With the exception of Durham County, which offers paid leave for all 12 weeks, new local policies offer six weeks of paid leave for employees eligible for the time off FMLA guarantees.

Paid leave for new parents has its skeptics, said Beth Messersmith, the North Carolina chapter coordinator of women’s advocacy group MomsRising, which has advocated for paid leave policies around the area.

“Part of it is that it’s just a new concept for people who came up through the workforce without these benefits and think, ‘We didn’t have (paid parental leave), and we made it,’ ” Messersmith said. “Part of that is just a shift of thinking about how does the workforce operate.”

Costs

It’s tough to predict how much it will cost Morrisville and other towns and counties to offer paid time off for new parents.

No one knows how many employees might use the benefit in a given year. And there are few direct costs associated with paid leave. An employee’s salary is simply paid, as budgeted, rather than being withheld.

But there are indirect costs, mostly associated with losses in productivity. Extended absences are especially worrisome for first responder agencies, which need to have a set number of workers on duty at all times.

Some of the country’s largest cities have gone further, offering the benefit to all workers rather than just those directly employed by the city government. Last year, San Francisco became the first to do so. California had already paid new parents at 55 percent of a worker’s usual salary for six weeks; San Francisco’s measure required the city’s employers to pick up the remaining 45 percent.

The city’s Small Business Commission publicly denounced the policy, saying it ignored the burden it placed on its members.

In Cary, the human resources staff won over members of the Town Council who had initially opposed the policy by distancing the issue from social politics. They argued that the savings realized through employee retention and satisfaction would outweigh the policy’s costs.

DeHart-Davis, the UNC professor, said the business case for paid leave can be a compelling one. But that should be accompanied by a clear acknowledgment of the social purpose, she said.

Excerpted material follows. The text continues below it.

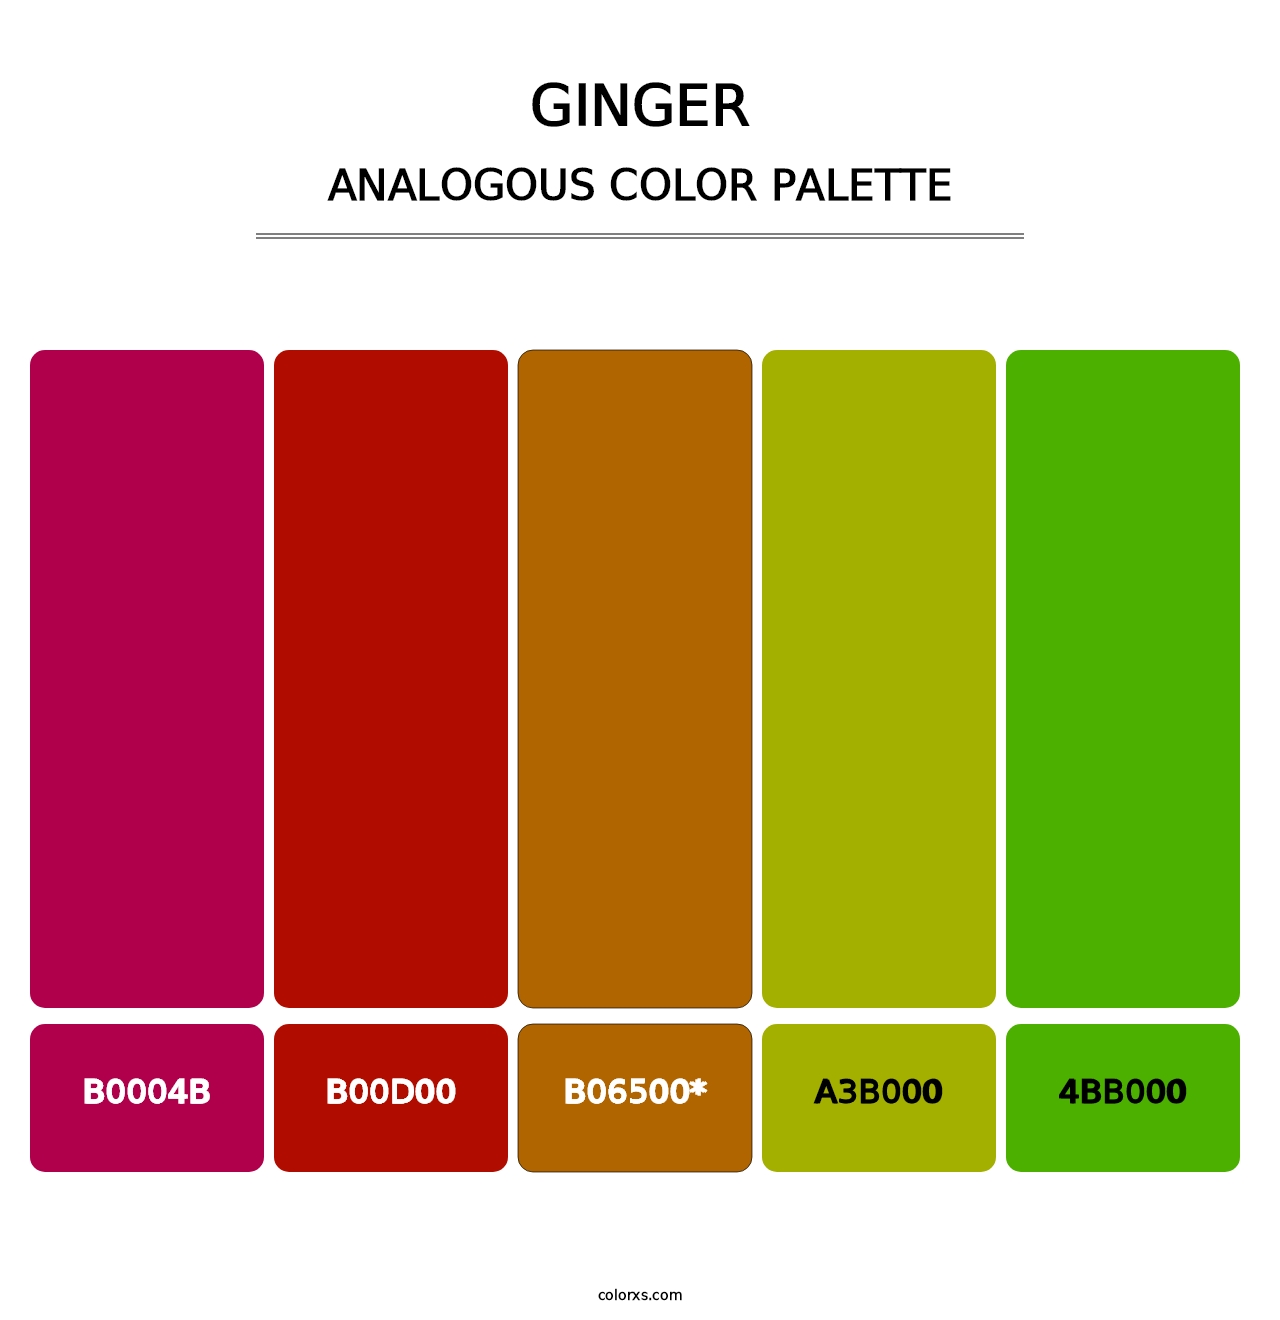 Ginger - Analogous Color Palette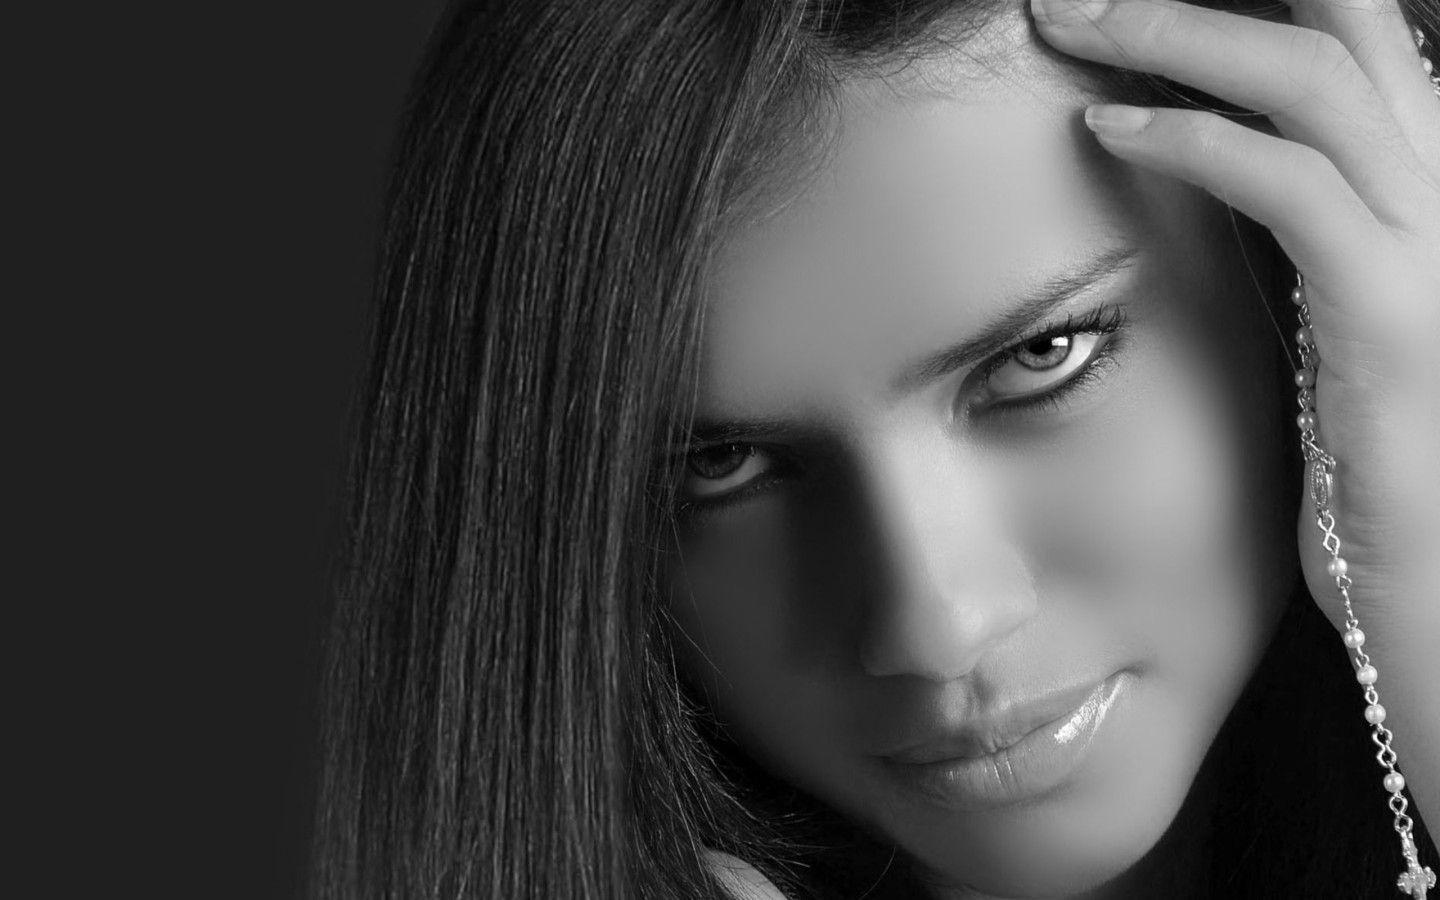 Adriana Lima Beautiful Face widescreen wallpaper. Wide

“The question is not whether government organizations should offer paid parental leave – they should – but whether there is an organizational culture that supports employees taking it,” DeHart-Davis said. “There can be a stigma associated with taking family leave, suggesting that the employee is not dedicated or serious about their career. So it’s not enough to offer parental leave. Government organizations have to work hard to signal that it’s OK to do so.”